Thursday, September 3, 2009

Rails Style

I had this great conversions from 2 great people from Castle Rock Research yesterday. Very technically sound people and I had a great time talking to them. Some of the questions they asked were pertaining to Ruby on Rails. I jot some of the questions and the answers here.

Why Ruby on Rails ? Painless application development. Enjoy as you develop. Make changes to the core code even as per you liking and optimization. Clear cut Modal/View/Controller distinction and therefore less coupling. Great plugins which club with the application. Development of plugins made easy. No configurations at all. Scalability using extensive techniques like mongrel clustering, load balancing, sticky session management etc. Faster access by allowing local server routing, Memcached etc. Searching made easy with ferret. Instant messaging made easy with Juggernaut etc. Background processing using ap4r etc.

I started out with Java (by learning Java) and it has pros of its own. It is injustice to compare languages or technologies but their relevance is according to the business problem.
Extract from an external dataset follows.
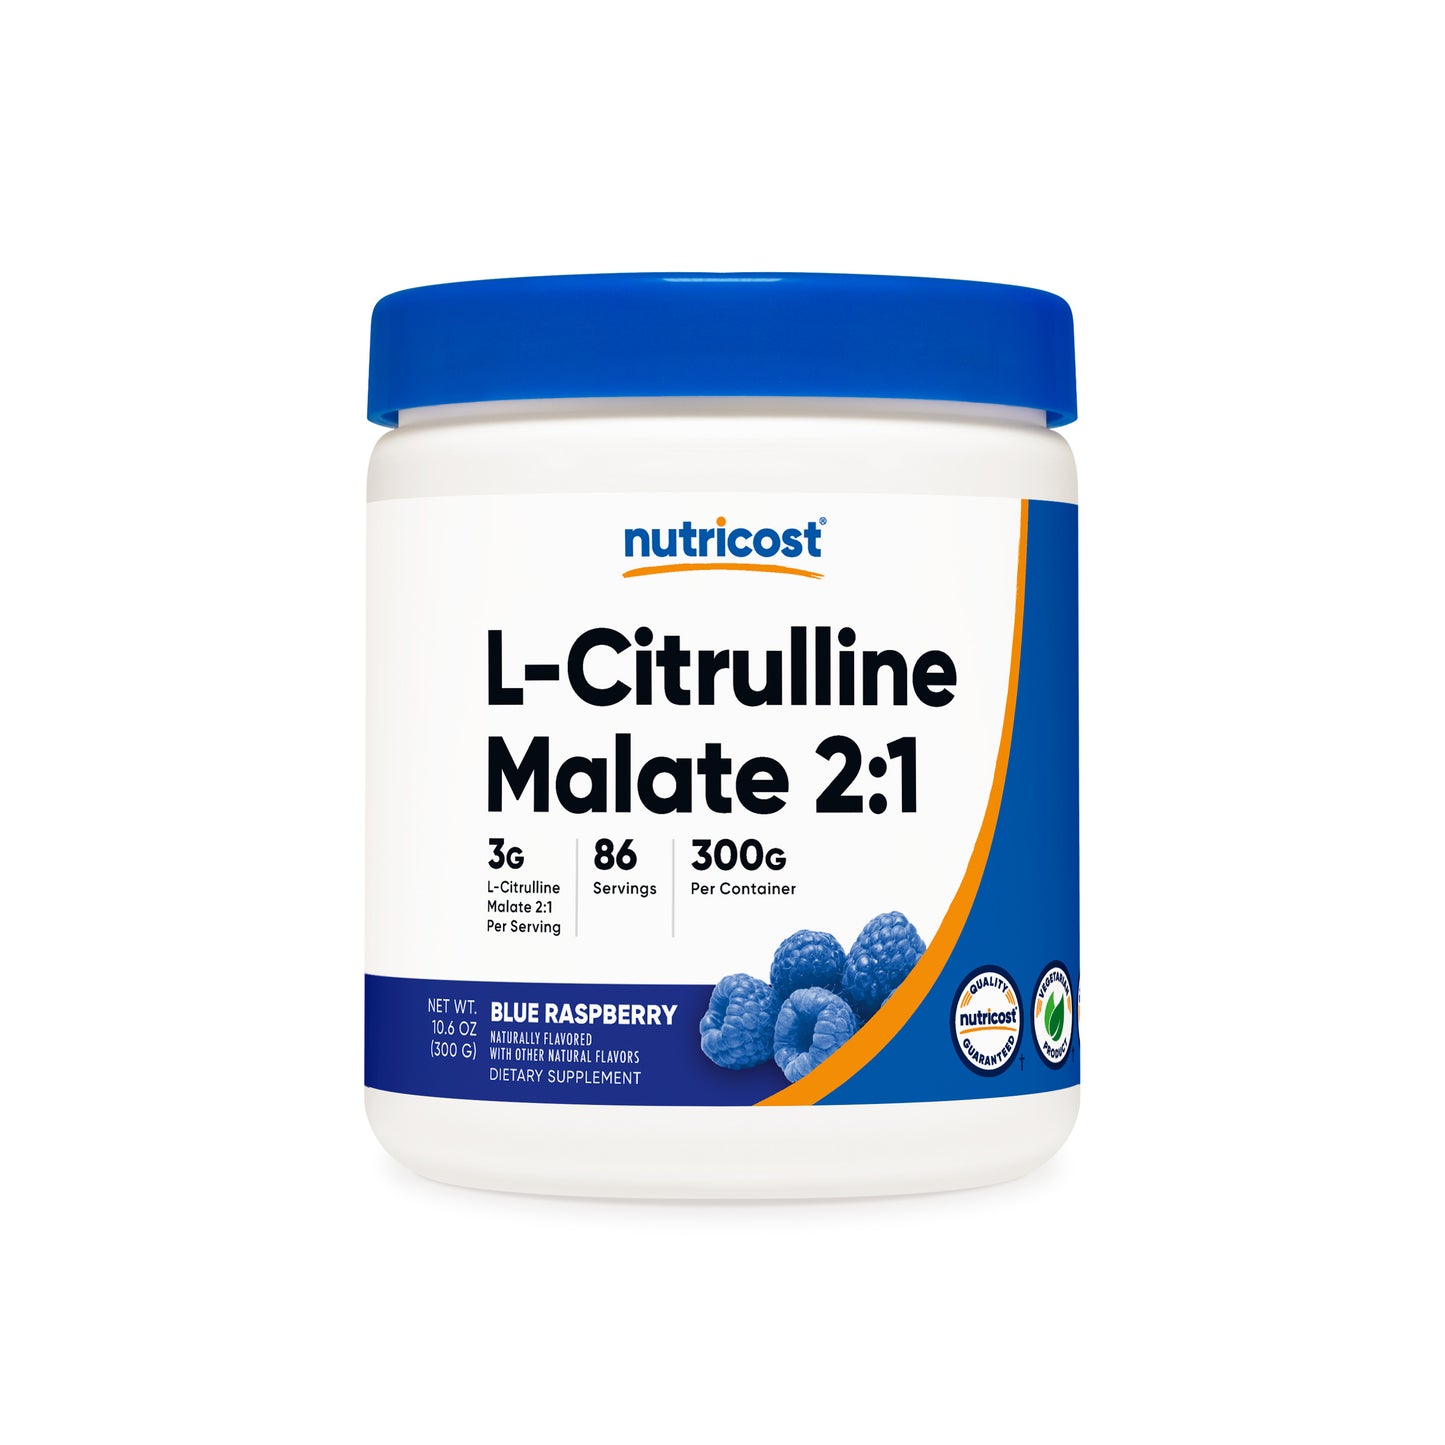 Nutricost L-Citrulline Malate (2:1) Powder

Add you own pluralization for the modals ? Action Support Inflector routines which let you add pluralizations easy.
ActiveSupport::Inflector.inflections
do |inflect| inflect.irregular 'criterion', 'criteria'; end


Difference between nil and false ? I pondered on this question for a some time. But all I could get is that nil and false are objects which will evaluate to a false inside an if condition. But they are of different classes. NilClass and FalseClass.

How would you show the tree structure (like the 1st level, 2nd level, 3rd level links between 2 members in linkedin) when queried. As in what type of an approach would you use? A tree structure could be attained by using the acts as tree plugin. Now to show it would require you to parse the tree in some fashion. A BFS (Breadth First Search0 and DFS (Depth First Search) were 2 things which came into my mind. BFS seemed to be the logical idea as the search was with respect to the level.

What kind of an approach would be be using for a 'list of updates of friends' table ? A queue which gives you the update (filtered on and ordered) with respect to the relation of the user and the updater. We could also stored this in a table separately and then use some kind of backgroudn process to give the results so that the main server would be clogged.

These were some of the thoughts shared.

1 comment:

Rohan Dey said...

This is first write up of yours which I actually enjoyed and it was informative too, though I read all your updates.